Eder. Óleo de Irene Gracia
Javier Fernández de Castro
Todas las grandes civilizaciones, con independencia de la época que les haya correspondido ocupar en el devenir de la historia o de la esquina del mundo donde les tocó nacer, desarrollarse y morir, han creado edificios singulares y emblemáticos. Poco importan las ideas, los sueños, las ambiciones y los propósitos ( o la egolatría, la soberbia, el afán de venganza, el delirio y todo el resto de excrecencias surgidas de las bajas pasiones humanas) que impulsaron el nacimiento de unos edificios que encima de llevar una vida propia y muchas veces ajena a las intenciones de sus creadores, resultan ser una metáfora del afán humano por subsistir, dejar una huella honrosa de su paso por este mundo y, en el mejor de los casos, ser metáfora de la perpetua búsqueda de la perfección.
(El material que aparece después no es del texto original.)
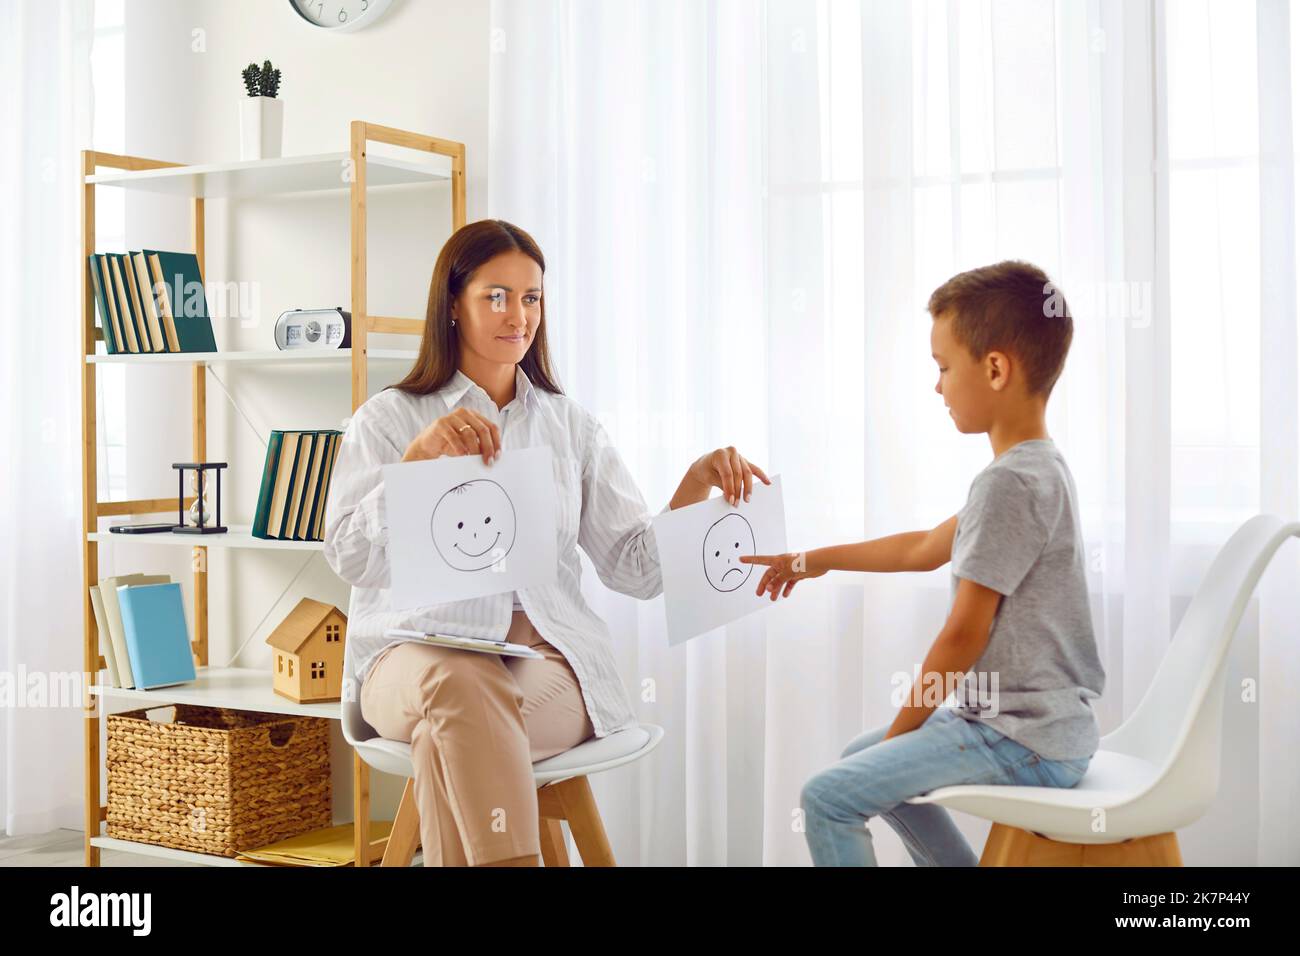 Psychologue ou thérapeute utilise emoji tout en parlant avec l'enfant d'école au sujet des émotions Banque D'Images

Las grandes obras arquitectónicas, cada cual a su manera, aspiraban a la excelencia, pero ninguno de ellos cumplió del todo el papel que parecía haberles sido asignado y ninguna de ellas ha terminado su singladura. Y vistos los bandazos y hasta naufragios sufridos a lo largo de su singladura vital de todos ellas, nadie puede decir lo que todavía les espera. Y como muestra, el destino actual de la inicialmente llamada Muralla de Protección Antifascista pero que acabó siendo conocida como el Muro de la Vergüenza o, también, el Muro de Berlín: en 1990 se hizo en Mónaco una subasta con los fragmentos de hormigón pintarrajeados con los famosos graffiti y que han ido a parar a sitios tan dispares como el Cuartel General de la CIA en Washington; el campus del Community College de Honolulú, en Hawai; los urinarios del Main Street Hotel de Las Vegas; una población de Italia llamada Albinea, un parque infantil de Trelleborg, en Suecia y, en Moscú, hay un fragmento en el que se lee "BER". Para completar el "LIN" hay que trasladarse a Riga, Letonia.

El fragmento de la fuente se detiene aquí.